And you are wrong when you imply that the gpu temperature has no effect on the other components on board, the heat WILL transfer on to the other components, whether it be heat transferred by airflow, or heat transferred by PCB. (The PCB is actually pretty good at transferring heat, try to put your hand on the back side of your video card, and you'll see what I mean. There is no magic to be pulled off here, things will get hot)
But then I didn't say it has no effect. Why do you have to pretend I say something different from what I do all the time? I could just as well say that by your logic, if the GPU temperature is 90C then the temperature of the entire room the computer sits in will also be 90C.
I'm sorry if I gave you that impression.
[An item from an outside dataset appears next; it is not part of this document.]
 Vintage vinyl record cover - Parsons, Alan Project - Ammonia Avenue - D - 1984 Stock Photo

I didn't mean it that way.

But here:
http://www.hardware.fr/articles/825-4/dossier-nvidia-repond-amd-avec-geforce-gtx-590.html

These are heat measured by infrared, should be good enough to illustrate my point.
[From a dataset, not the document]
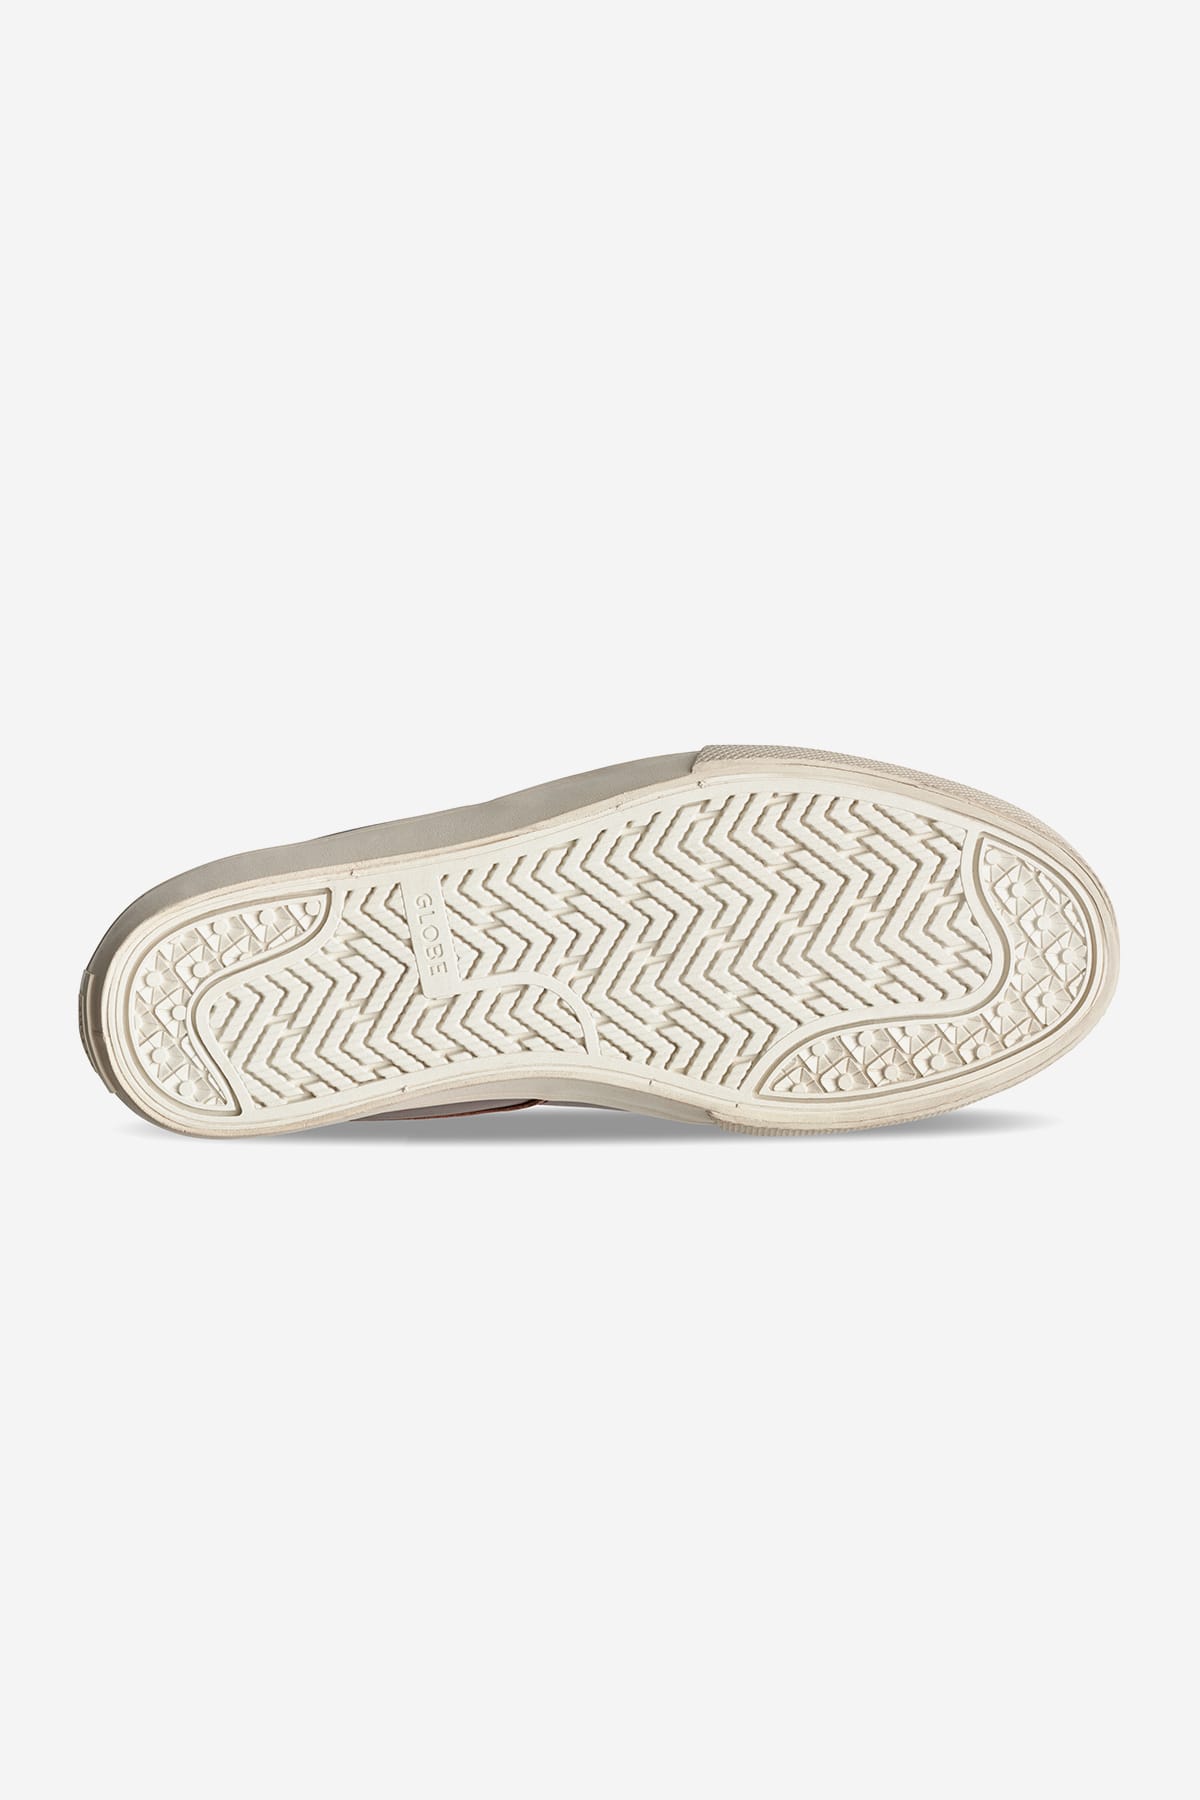 Globe - Liaizon - Oxblood/Maalouf - skateboard Shoes

This nvidiacard has VRM overloaded at +110C, and its surroundings are +90C.
The core on the right is measured to 84C, but its surrounding pcb area also goes +90C.
And to the far left of both cores you can see a brown spot, that's heat that most likely came from air flow. And of course the motherboard, it takes a lot of heat from the video card too, maybe not so much in this picture(only orange), but in the website I linked to is another image, the motherboard takes up a significant amount of heat(brown).

We shouldn't underestimate the heat that the PCB and air flow can transfer.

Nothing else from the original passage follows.